Geopolitical uncertainty in the Strait of Hormuz drove a rebound in oil prices and increased volatility in energy markets. Source: Shutterstock.

News of additional interest

Equinor accelerates new submarine developments in Norway

Equinor has awarded contracts worth approximately 6 billion Norwegian kroner to develop four subsea projects on Norway's continental shelf. The agreements were granted to TechnipFMC, OneSubsea, Ocean Installer, NOV, and Tenaris to supply equipment and install infrastructure for the development of the TWIN, Brime, Omega Sør, and Tyrihans Nord fields. Collectively, these projects could contribute between 130 and 220 million barrels of oil equivalent to the country's future production.

The company explained that this first phase is part of a broader plan to accelerate the development of dozens of subsea projects over the next few years. Its goal is to reduce time and costs through standardized processes and advance purchases of equipment with long lead times. For now, TWIN is the only project that has received approval from its partners, while the others will continue their evaluation and authorization process with the relevant authorities.

ADNOC secures LNG sales with INPEX until 2043

ADNOC has signed a 15-year liquefied natural gas (LNG) purchase agreement with Japan's INPEX to supply 1 million tons annually from the Ruwais LNG project. The agreement strengthens the energy relationship between the UAE and Japan and supports both companies' strategy to ensure a stable LNG supply to the Asian market. The project is expected to begin commercial operation in 2028.

The supply will come primarily from the Ruwais LNG plant, which will have a production capacity of 9.6 million tons per year. According to ADNOC, nearly 90% of that capacity is already committed through long-term contracts with customers in Asia and Europe. The facility will operate on clean energy and incorporate artificial intelligence tools and new technologies to improve operational efficiency and reduce emissions.

Saudi crude oil crosses the Strait of Hormuz again

Two supertankers carrying approximately 4 million barrels of Saudi crude are preparing to transit the Strait of Hormuz en route to Japan. The vessels, operated by Japanese companies, had been held up following restrictions on maritime traffic in the area.

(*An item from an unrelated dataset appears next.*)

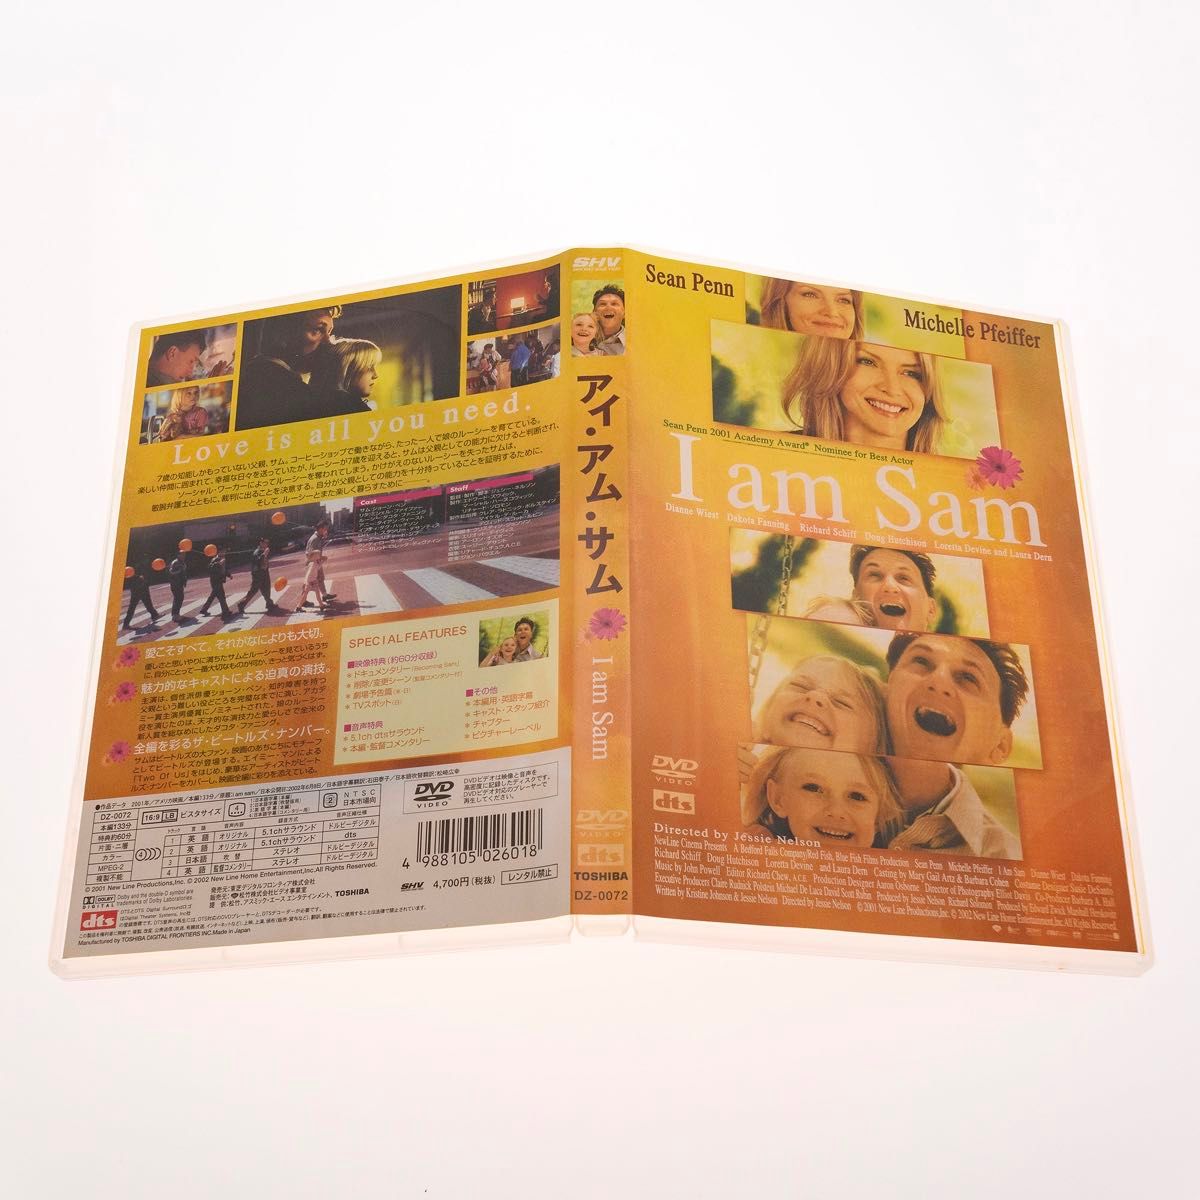 【DVD】I am Sam 初回限定生産 フォトブックレット封入 ショーン・ペン ミシェル・ファイファー DZ-0072
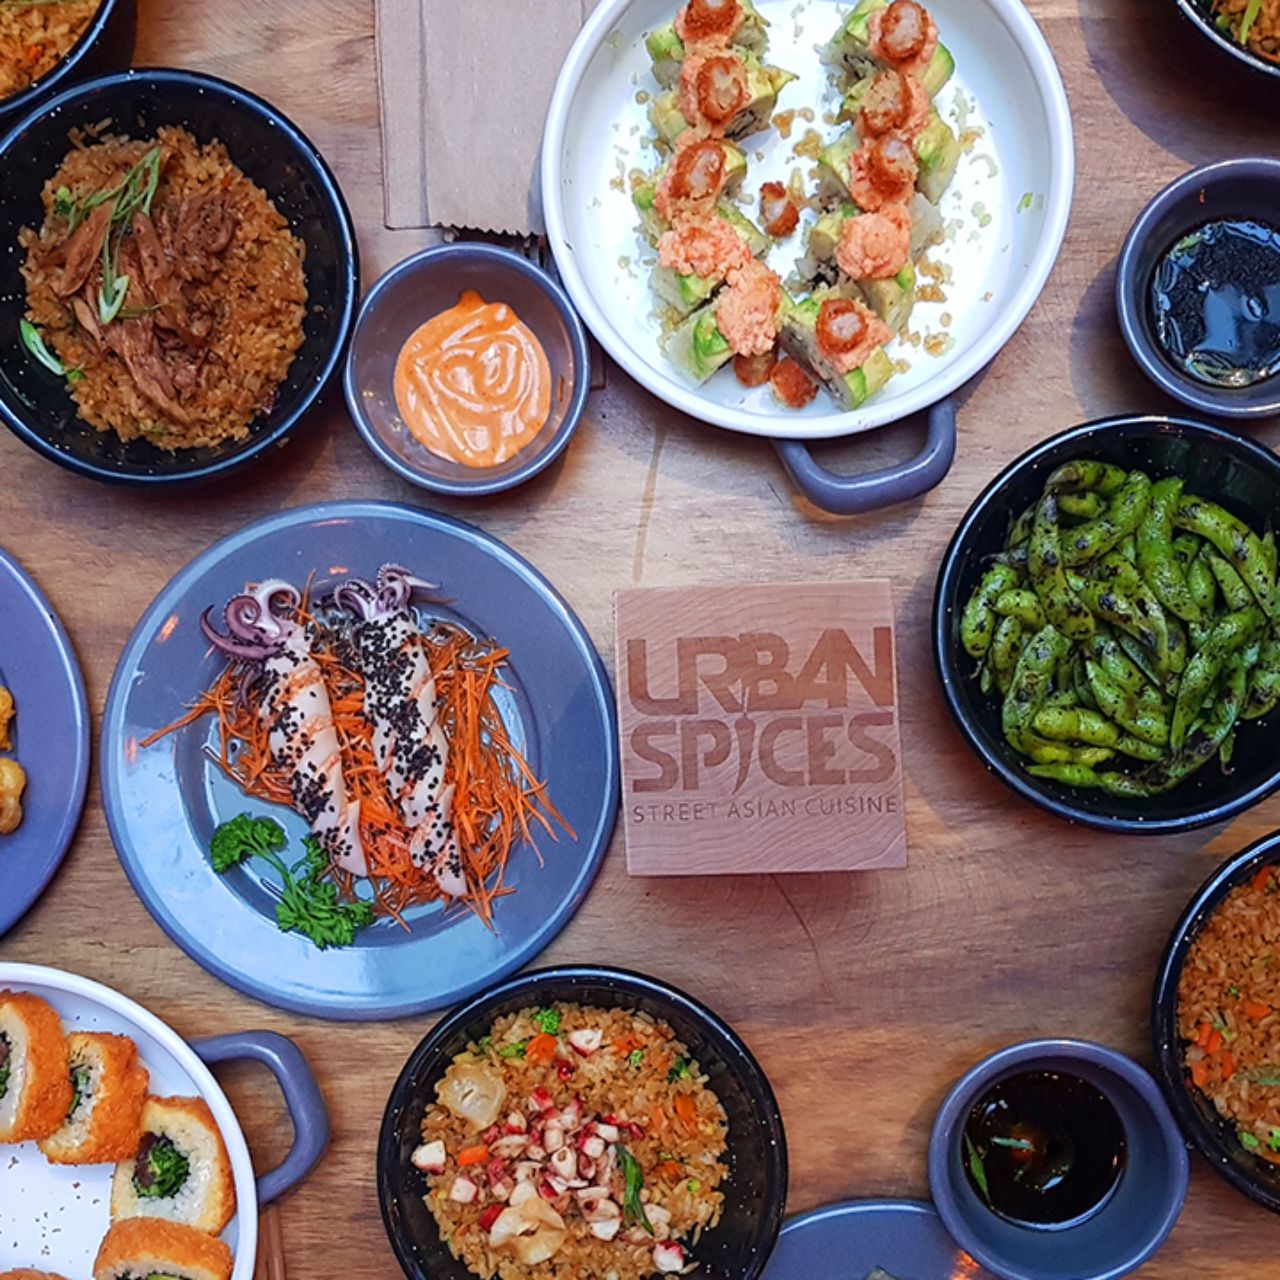 Restaurante Urban Spices - Santa Fe - Ciudad de México, , CDMX | OpenTable

Their departure coincides with the gradual recovery of oil exports from the Persian Gulf after the preliminary ceasefire agreement between the United States and Iran.

The move coincides with an increase in crude oil shipments through this strategic waterway, although maritime activity remains below normal levels. Saudi Arabia has already exported millions of barrels since mid-June, and the United Arab Emirates has also increased its shipments. Even so, several vessels continue to alter their routes or turn back due to security conditions and warnings issued in the area.

BluEnergies and TotalEnergies make progress in Liberia

BluEnergies reported that its exploration program with TotalEnergies in the Harper Basin, off the coast of Liberia, is progressing according to schedule. The work includes reprocessing over 6,000 square kilometers of 3D seismic data and conducting seabed surveys to improve the identification of potential deposits and define future drilling areas. The company indicated that the seismic reprocessing is now more than 50% complete.

In addition to seismic analysis, the project incorporates seabed mapping, geochemical sampling, and heat flow measurements to gain a more accurate understanding of the geological potential of blocks LB-26, LB-30, and LB-31. These activities will continue throughout 2026 and will help select the locations with the highest probability of success before initiating a drilling campaign.